(What the exercise asks) An acceptable answer repeats exactly the line containing "1 X Garden Kneeler" and all lines that follow it in the listing below, and it includes no pictures.

(Given information)

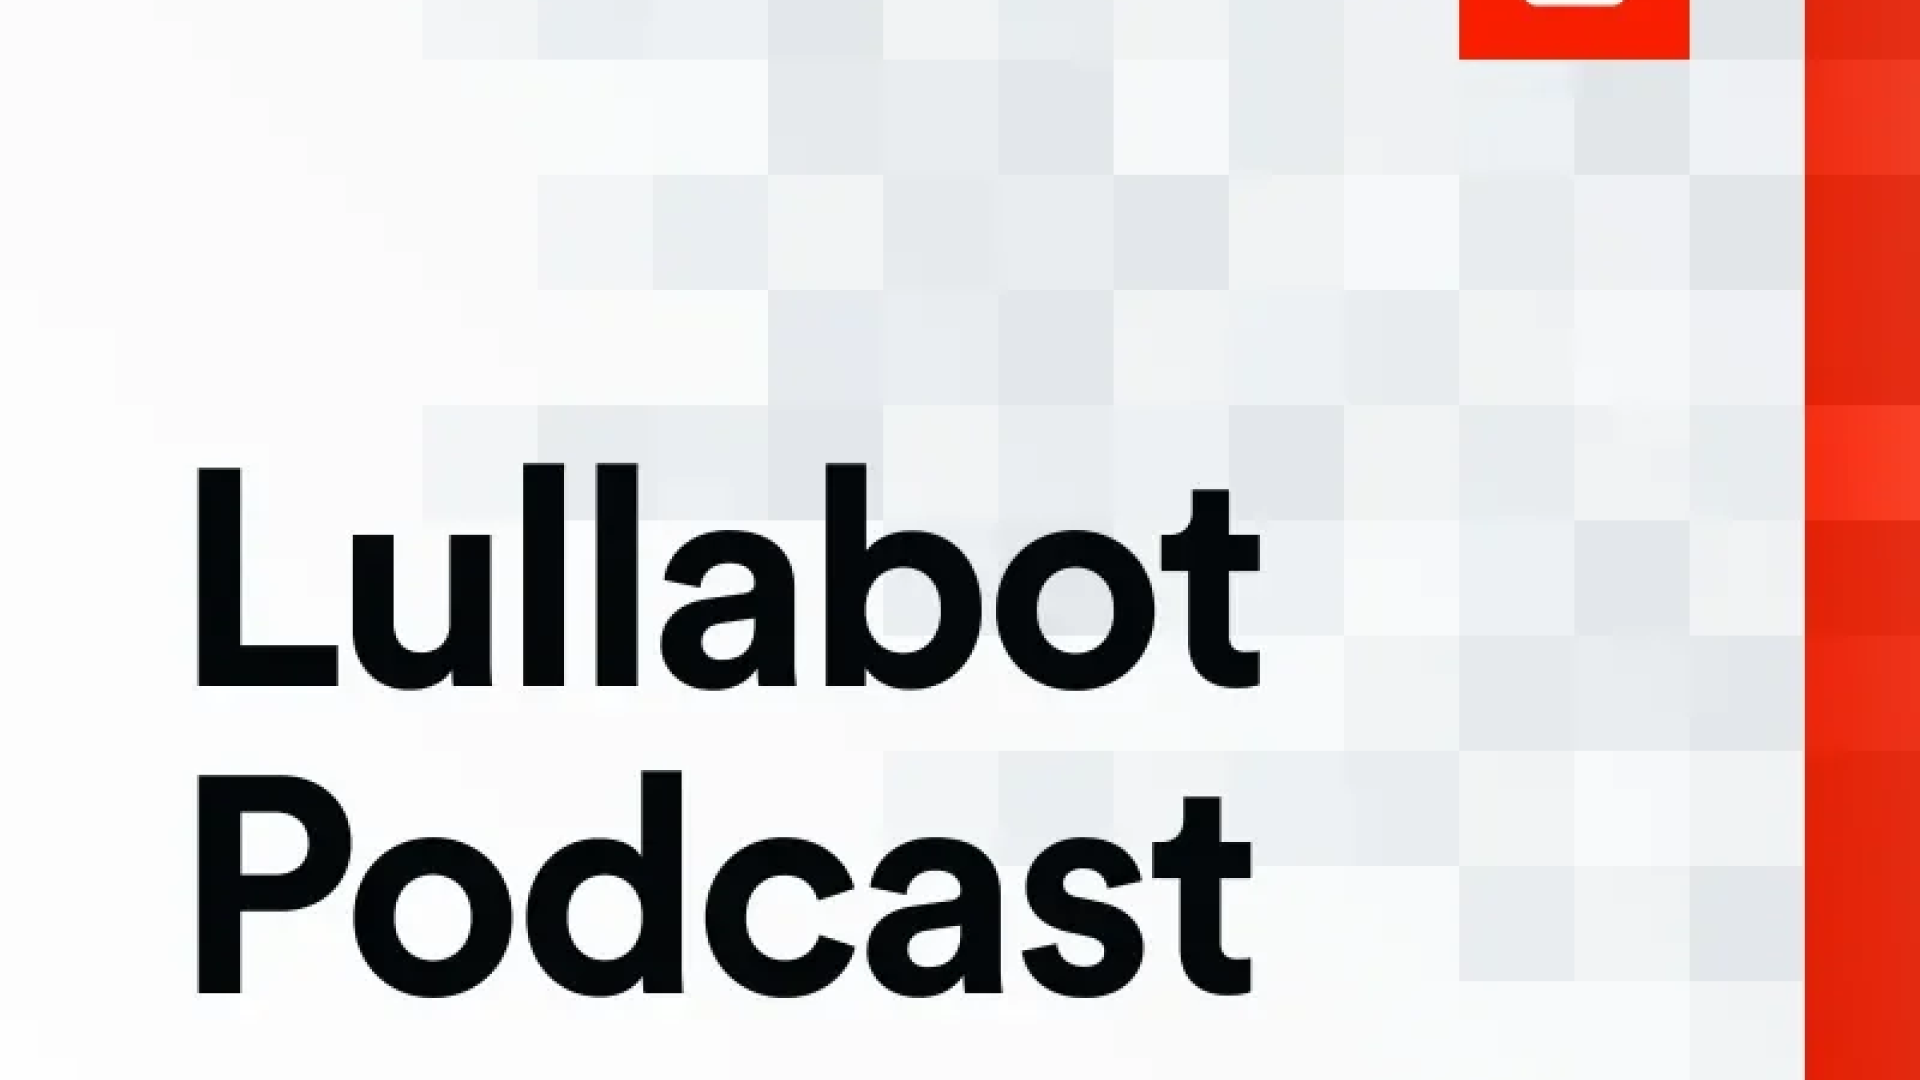 Lullabot Podcast
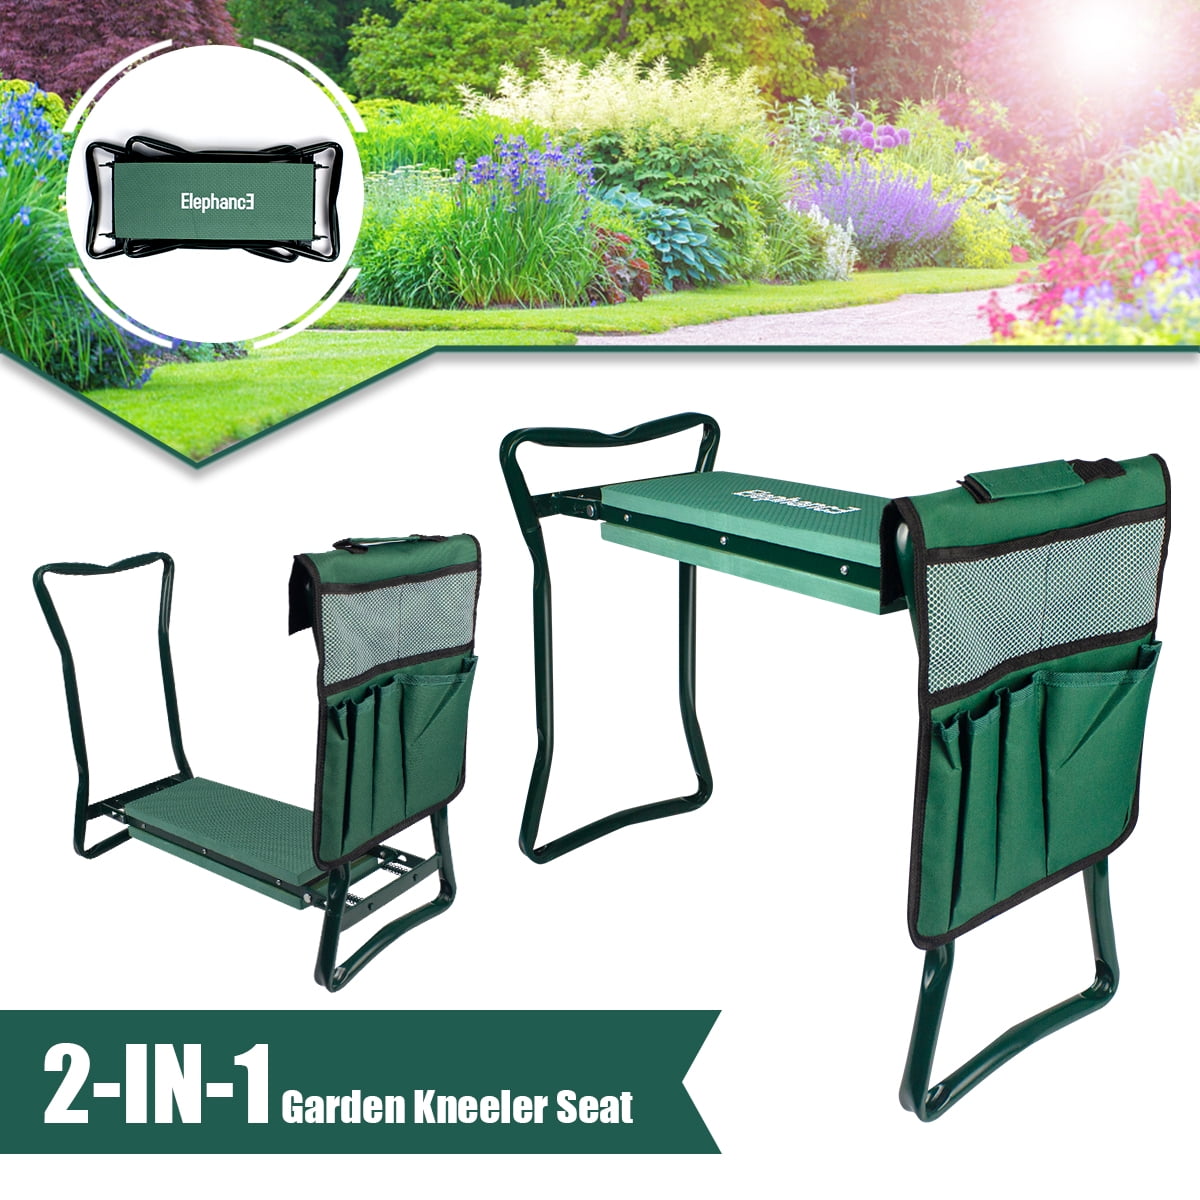 1 X Garden Kneeler Portable Garden Kneeling Chair Stool Storage Bag Seat Pad 
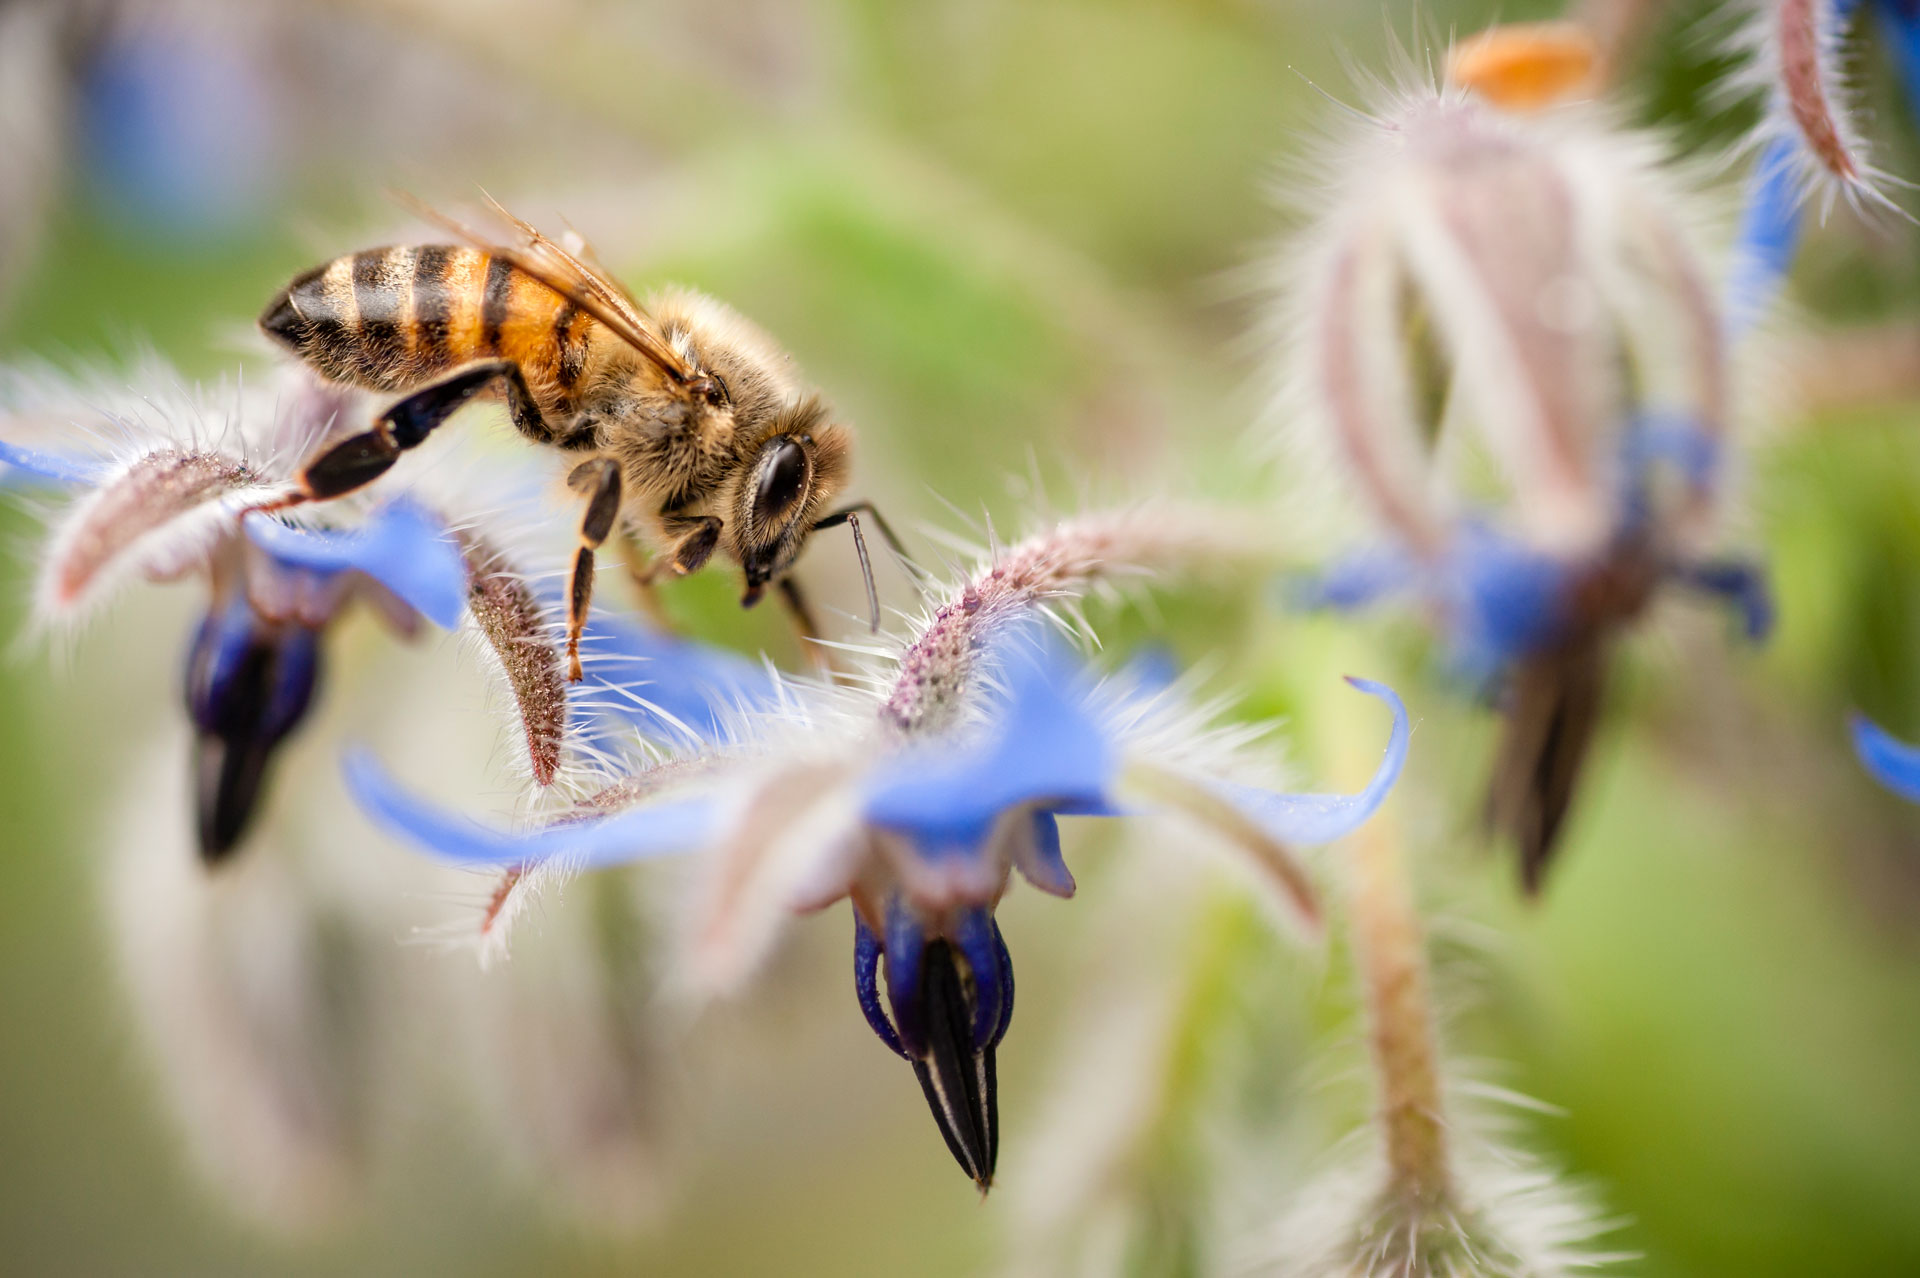 Les abeilles&nbsp;reconnaissent les membres de leur ruche grâce à des molécules présentes sur leur peau. © alessandrozocc

(Finished task)
 1 X Garden Kneeler Portable Garden Kneeling Chair Stool Storage Bag Seat Pad 
 Les abeilles&nbsp;reconnaissent les membres de leur ruche grâce à des molécules présentes sur leur peau. © alessandrozocc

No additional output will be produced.